So you've noticed that options can be complicated – not to mention program arguments. Some options have values and others don't. Some are short, others long. How do you figure out what kinds of functions a command (or NGS tool) offers? You need help!

--help option

Many (but not all) built-in shell commands will give you some help if you provide the long --help option. This can often be many pages, so you'll probably want to pipe the output to a pager like more. This is most useful to remind yourself what the name of that dang option was, assuming you know something about it.

-h or -? options

The -h and -? options are similar to --help. If --help doesn't work, try -h. or -?. Again, output can be lengthy and best used if you already have an idea what the program does.

just type the program name

Many 3rd party tools will provide extensive usage information if you just type the program name then hit Enter.

For example:

Use the program name alone as a command to get help

module load bwa
bwa

Produces something like this:

bwa top-level help information

Program: bwa (alignment via Burrows-Wheeler transformation)
Version: 0.7.7-r441
Contact: Heng Li <lh3@sanger.ac.uk>

Usage:   bwa <command> [options]

Command: index         index sequences in the FASTA format
         mem           BWA-MEM algorithm
         fastmap       identify super-maximal exact matches
         pemerge       merge overlapping paired ends (EXPERIMENTAL)
         aln           gapped/ungapped alignment
         samse         generate alignment (single ended)
         sampe         generate alignment (paired ended)
         bwasw         BWA-SW for long queries

         fa2pac        convert FASTA to PAC format
         pac2bwt       generate BWT from PAC
         pac2bwtgen    alternative algorithm for generating BWT
         bwtupdate     update .bwt to the new format
         bwt2sa        generate SA from BWT and Occ

Note: To use BWA, you need to first index the genome with `bwa index'.
      There are three alignment algorithms in BWA: `mem', `bwasw', and
      `aln/samse/sampe'. If you are not sure which to use, try `bwa mem'
      first.
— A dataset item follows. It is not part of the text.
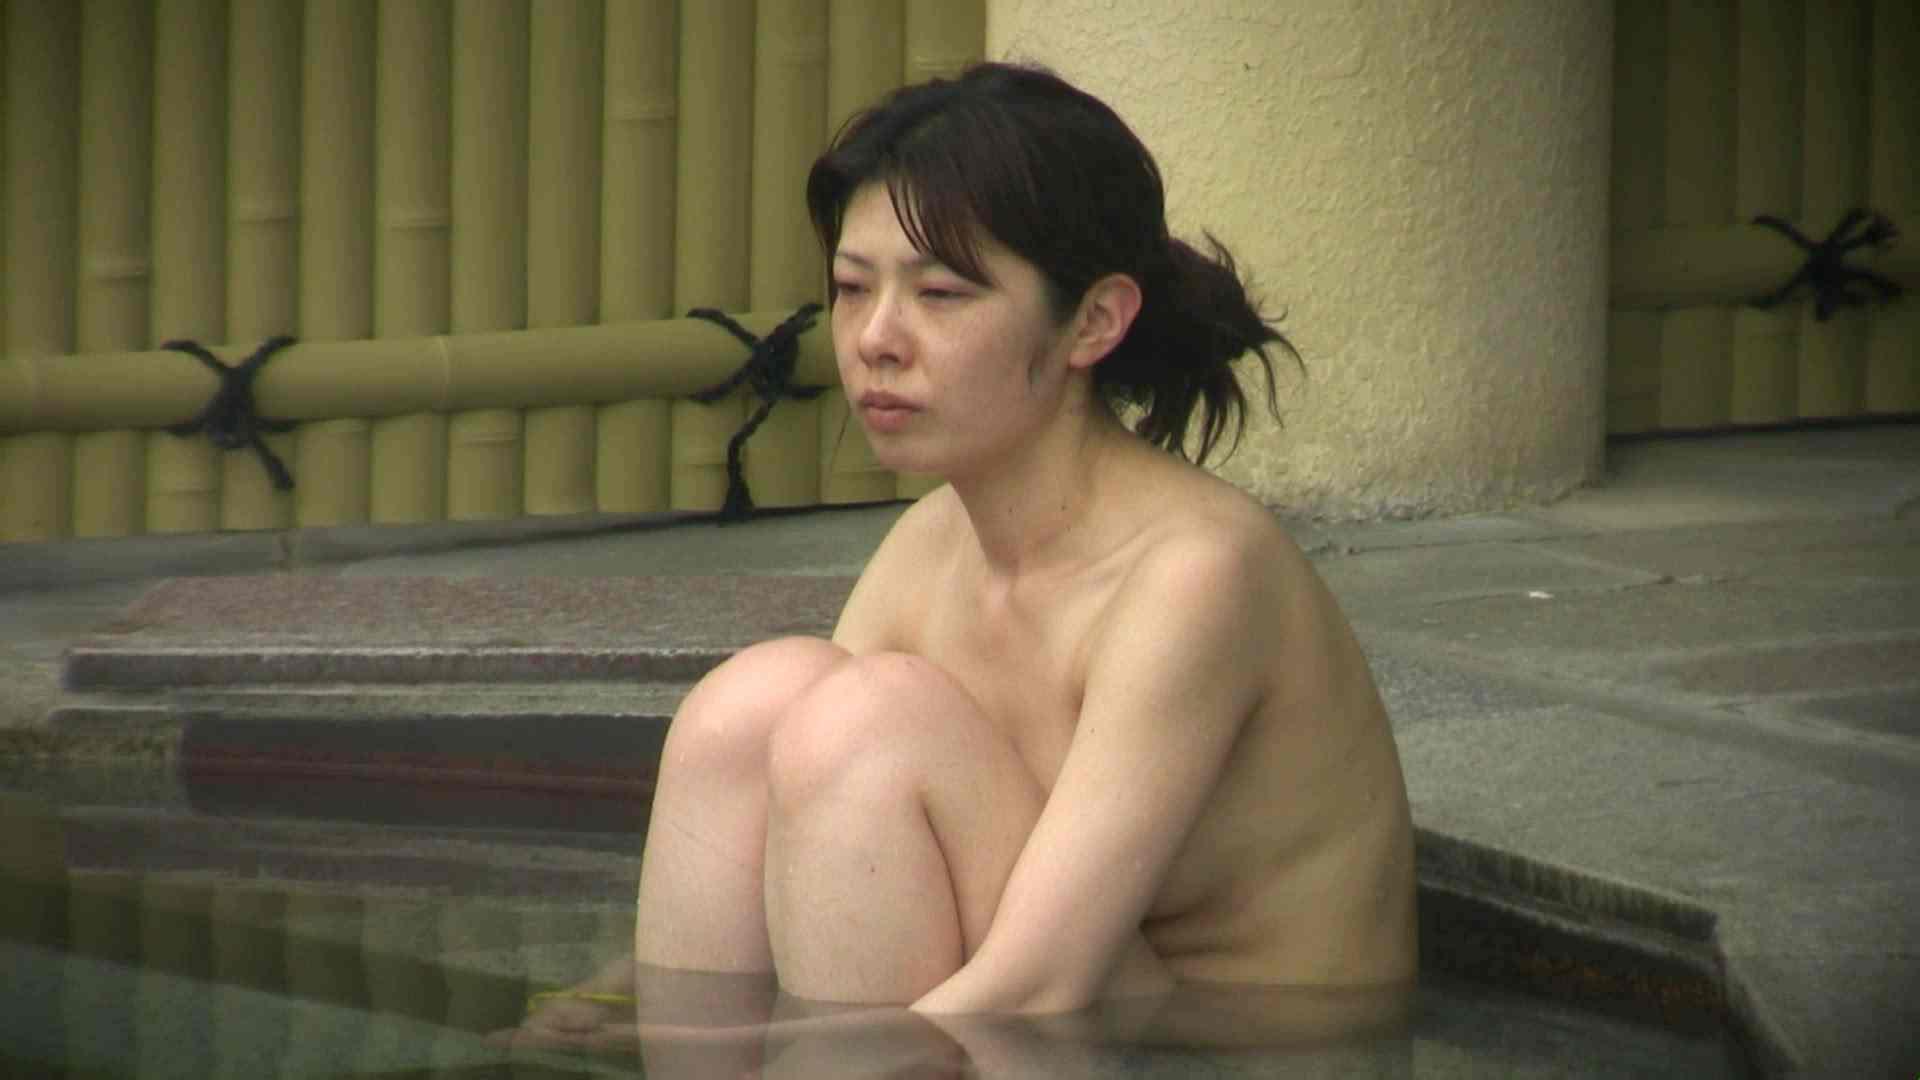 Aquaな露天風呂Vol.676 盗撮シリーズ | 露天風呂編  83PIX 57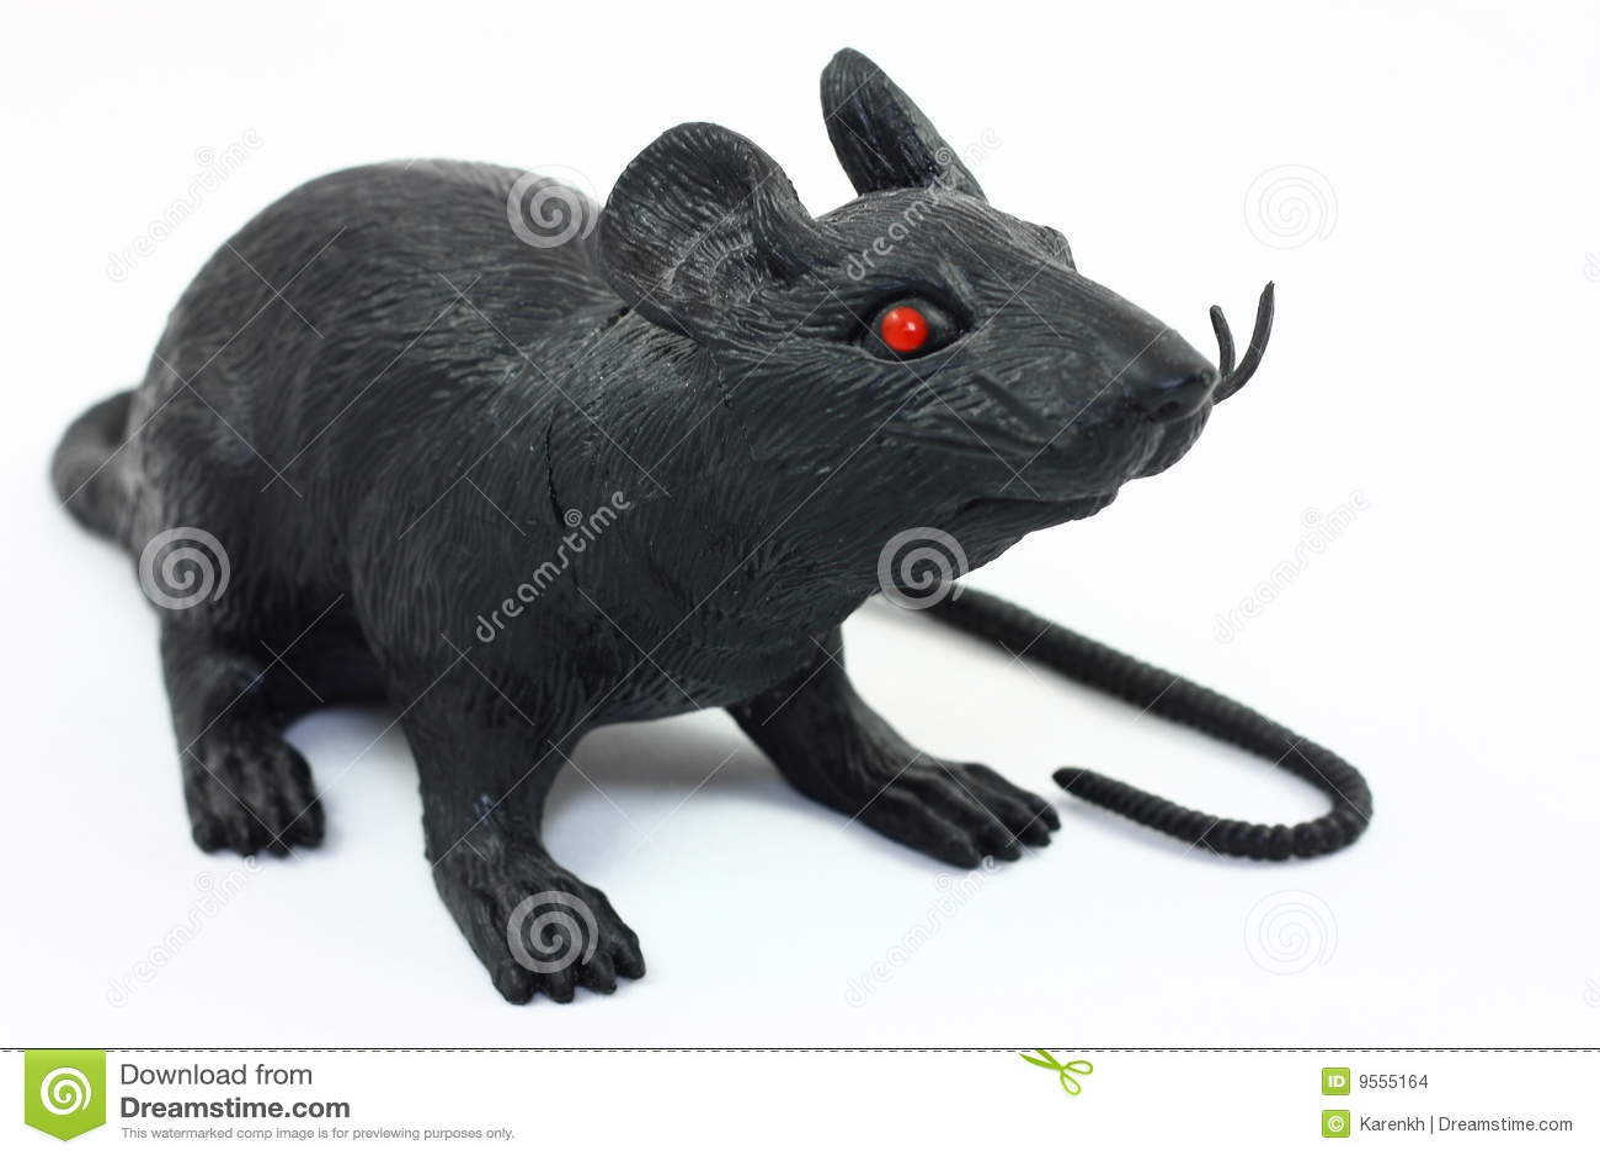 White rat with black eyes - photo#19

Please `man ./bwa.1' for the manual.

Notice that bwa, like many NGS programs, is written as a set of sub-commands. This top-level help displays the sub-commands available. You then type bwa <command> to see help for the sub-command:

Get help on bwa index

bwa index

Displays something like this:

bwa top-level help information

Usage:   bwa index [-a bwtsw|is] [-c] <in.fasta>
Options: -a STR    BWT construction algorithm: bwtsw or is [auto]
         -p STR    prefix of the index [same as fasta name]
         -6        index files named as <in.fasta>.64.* instead of <in.fasta>.*
Warning: `-a bwtsw' does not work for short genomes, while `-a is' and
         `-a div' do not work not for long genomes. Please choose `-a'
         according to the length of the genome.

Google

If you don't already know much about a command (or NGS tool), just Google it! Try something like "bwa manual" or "rsync man page". Many tools have websites that combine tool overviews with detailed option help. Even for built-in Linux commands, you're likely to get hits of a tutorial style, which are more useful when you're getting started.

And it's so much easier to read things in a nice web browser!

man pages

Linux has had built-in help files since the mid-1500's, way before Macs or PCs thought of such things. They're called man pages (short for manual).

For example, man intro will give you an introduction to all user commands.

man pages will detail all options available – in excruciating detail (unless there's no man page ), so the manual system has its own built-in pager. The pager is sort of like less, but not quite the same (why make it easy?). We recommend man pages only for advanced users.

Basic linux commands you need to know

Here's a copy of the cheat sheet we passed out.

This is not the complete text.